I have looked at both. I am what you would call a 'power user' if you wrote for a shitty computer magazine, and frankly neither the iBook or iMac comes close to what I demand from a desktop.
The only Macs that would compete with my current PC would be the G5-based monsters at the deep and of the range and the newest Powerbooks, and they are just waaaay too expensive to consider.
True. Not many PC laptop owners will be playing Doom III either, unless they have one of these.
PS2 is the cruddiest of the current gaming technology still on the market. Bad frame rates, poor textures, bad (IMHO) controls... it stinks, it stinks, it stinks. Yeeees Mr Sherman, eeeverything stinks.
Sure, I'll get a 'cheap' Mac. In the year 2100. I want a Mac, but every time I look at the prices I can't bring myself to abandon good old cheap, fast AMD.
An interesting question is, WHY should gamers switch to linux/Mac? For once the major criticisms levelled at Windows/x86 (often with some justification) seem to bounce back as strong arguments for why a Windows PC is the best option for games by a country mile:
./ for 'BSD' or 'Gnome AND KDE' for more details.
- bad at multitasking: I have one task, blasting hell knights in 3D
- controlled by evil Windoze Empire (tm): good, so the Evil Windoze Empire will make sure I have up to date drivers and a relatively good 3D API to run my games with for the widest possible range of gaming hardware
- boring beige boxes and huge market of faceless south-east asian technology clones: excellent, excellent. The priority is surely on getting the fastest technology at the best price as soon as possible, rather than longevity or overall build quality (although arguably that comes through careful component choice). But the average gaming rig is good for about 2 years of cutting edge games, tops, so it's really more important that the price is good and the market highly dynamic rather than everything being perfectly reliable
On the other hand, the key strengths of Mac and Linux are not so important for games.
E.g. Mac:
- border of LCD screen is artistically colour-neutral to allow perfect visual reproduction of colours on-screen (no shit, this is what it says on the Apple website, and yes, I'm being facetious but the point is, Mac features are clearly pitched at the graphic design/artiste market and people who colour coordinate their entire lives)
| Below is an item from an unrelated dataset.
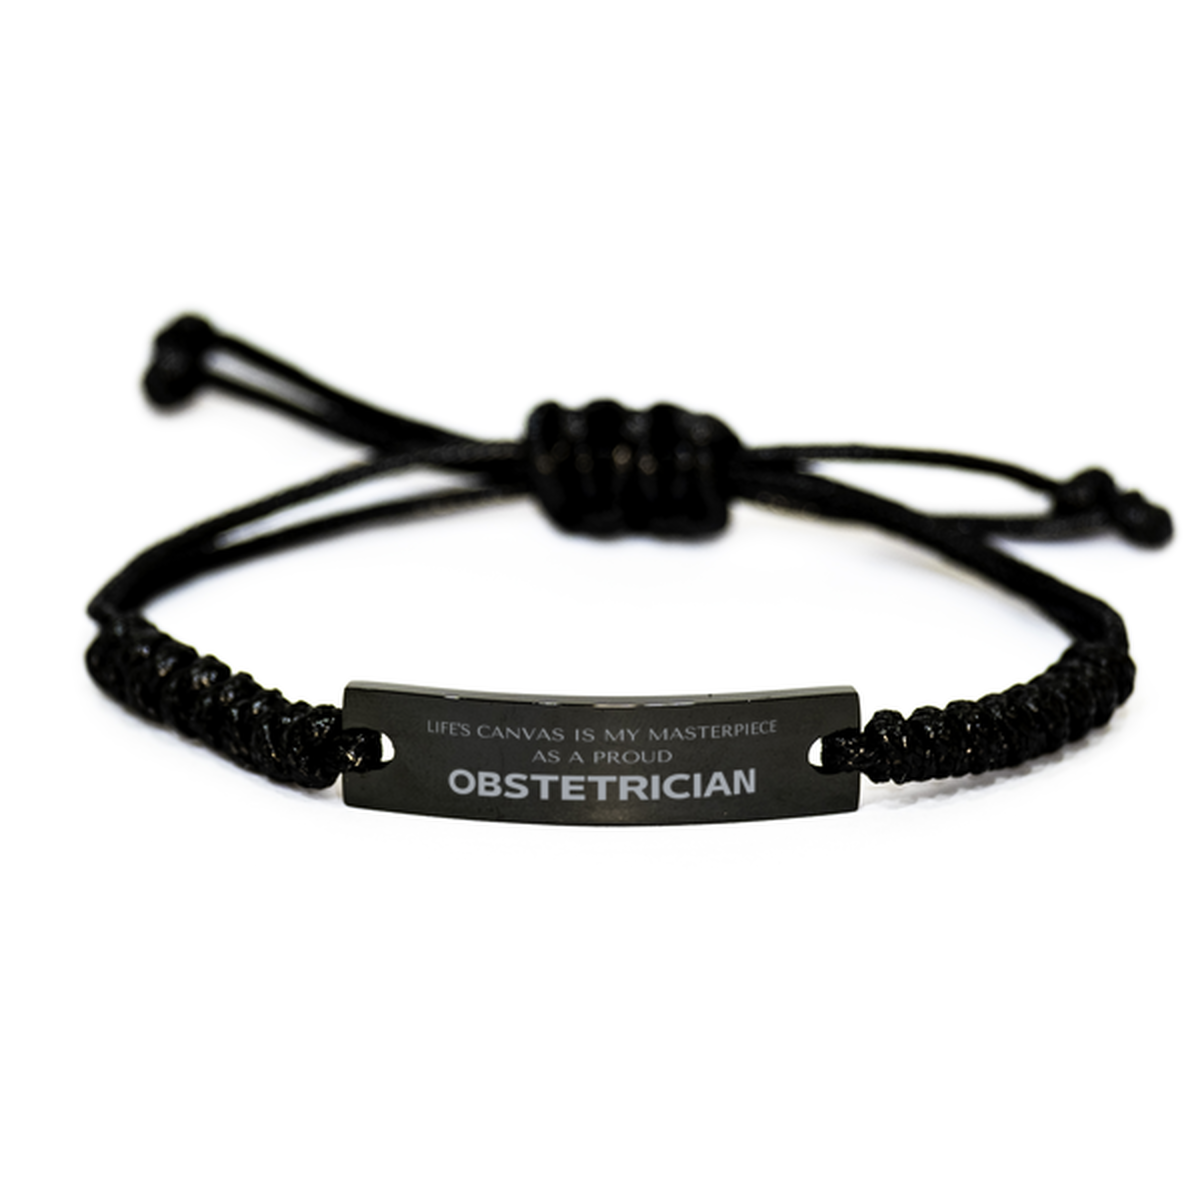 Proud Obstetrician Gifts, Life's canvas is my masterpiece, Epic Birthday Christmas Unique Black Rope Bracelet For Obstetrician, Coworkers, Men, Women, Friends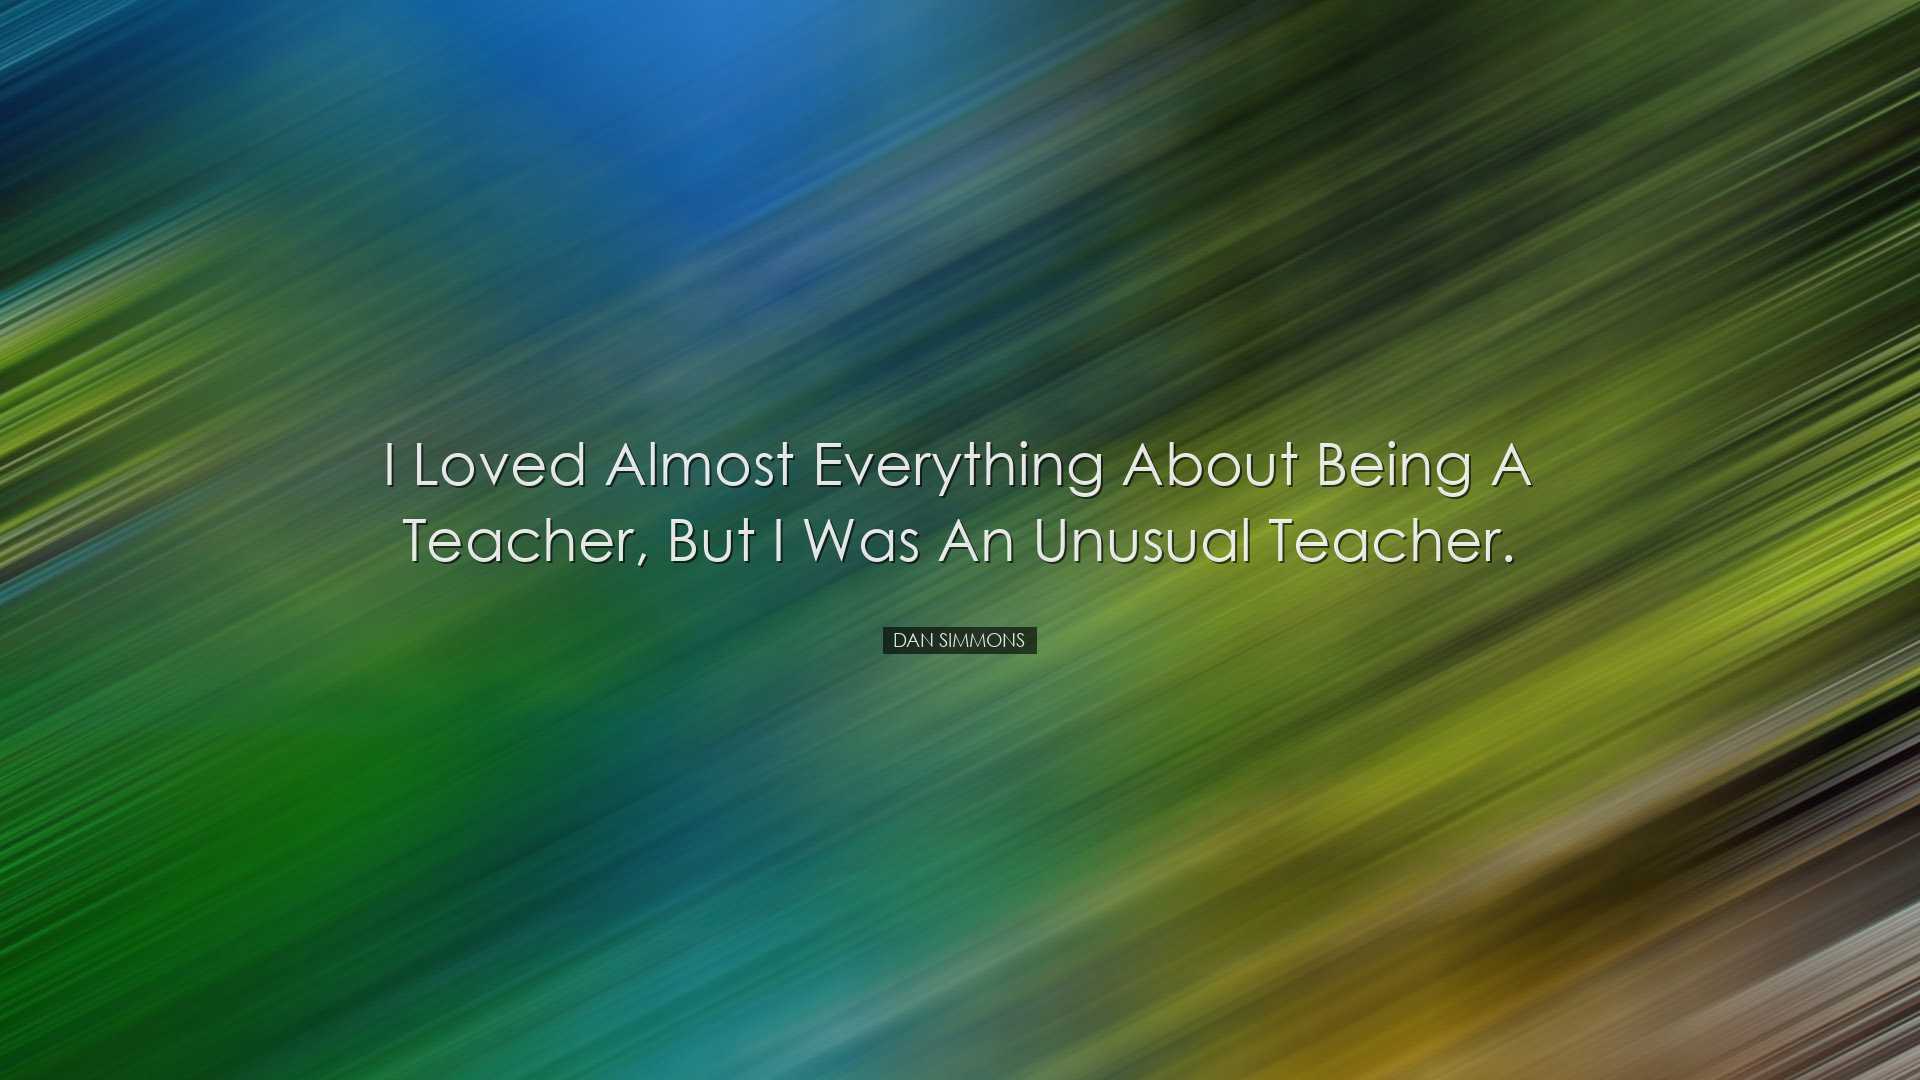 I loved almost everything about being a teacher, but I was an unus

- entire computer can be crammed into a very small, white rectangle: well, that's bad for upgrading every 6-12 months, bad for cooling, and makes serious competition for upgrade components etc pretty unlikely. But it saves desk space and looks cool, not priorities for the average gamer (yes, case modding is supposed to be 'cool', but you know what I mean, how many case modders build beautiful white objects rather than glowing neon monstrosities?).
- computer is 'lifestyle' accessory: people who play Doom III typically have no discernable lifestyle other than cramming cheese doodles into their already-Mountain-Dew-filled maws and occasionally leaving to sleep or ablute
E.g. Linux:
- it's free: I'm springing $2000 for a games PC and $50 for every game... I think $200 for Windows is not too much of a stretch. Alternatively, I steal everything including the game, Windows, and possibly the PC if I've played too much GTA. Either way, not a big factor.
- run by a horde of nerds who all make up their own standards then engage in massive and endless wars about whose is the gre@test 3733t way of doing things: refer to Evil Windoze scenario above, or search
- most useful features hidden through inherent 'security' though obscurity (i.e. most non-programmer types can't run xclock, let alone install and configure Doom III): su>ors when U just wanna kill something
Anyway, just my thoughts. I see no real reason why people should be encouraged to move away from Win/x86 just to play games, other than the usual 'Bill Gates is satan' reasons.